MB treats me badly. and it took me a while to realise it. To actually feel it. I'm quite numb when I am in TO. I don't know maybe I'm just not myself here.

I can't even type properly.

On one hand, I'm trying to prove myslef worthy by trying to get the story- to work hard and show that I can work.

On another hand, i'm trying too hard- I CAN"T EVEN REMEBER WHAT I"M SUPPOSED TO WRITE!

######

OK. MB thinks I'm an idiot


(I wrote this after I wrote the above..)
Aku ni memang emotional sikit. Ok I admit that. But maybe that's a good thing. My horoscope says that I am big with emotions. The tarot cards the other day even revealed that I am able express my emotions very well. I'm big on feelings. I like to feel. When I think about how much I feel, it's all sounds so text booky, but when I write about it now, it all just makes sense. it's a fact about myself that I don't have to deny. I'm expressive, don't you think? Or at least I can be sometimes.

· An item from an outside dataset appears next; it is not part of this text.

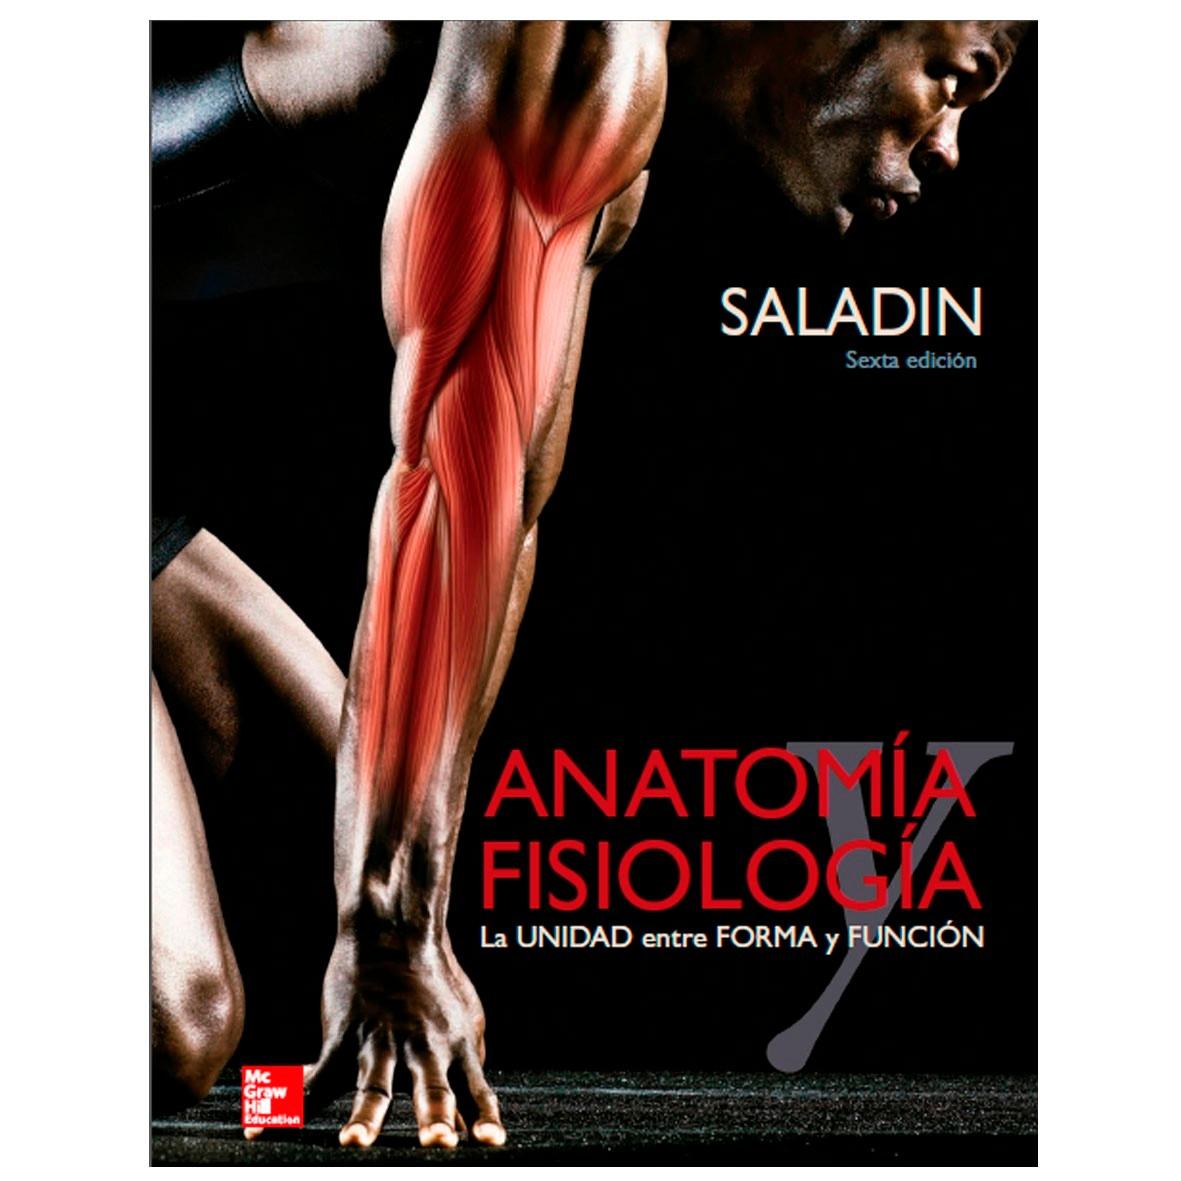 Perfecto Saladino Anatomía Y Fisiología Página Web Sexta Edición ...

I have an idea of the person I want to be. Isn't that good enough? It's good to actually know who you are, right?

And people do what they want to do, you know.

Not force themsleves to do something they don't want to.

And people who are good at what they do are not pleasant- they suck at interpersonal skills, they are DIFFICULT people, crazy even. BUT, they are so good at what they do.

My mother was telling me about this doctor who had bedside manner from hell, but he was so darn good that he cured my mother's migrane.
Mind you, my mum had been to three doctors previously and none of them precribed her the correct medicine till this doctor came along.
Even my mum's friend attested to how good this doctor is, but loathes the fact that he treats patients like shit.

JH is one big ass too. When I took his class in Actor's Studio, he could be too strict sometime. He was difficult, but beyond his attitude you could see that he knows what he wants. He stands up for what he believes in.

The list goes on..you often hear of how Madonna is an ambitious and demanding bitch during her tours. And I've read that Russell Crowe can be a difficult actor to work with because he always has strong opinions about the script.

Sometimes it's impossible to be nice, especially if you really want to achieve something. People will start to hate you but I guess that's the price you gotta pay. You gotta be ruthless to get what you want.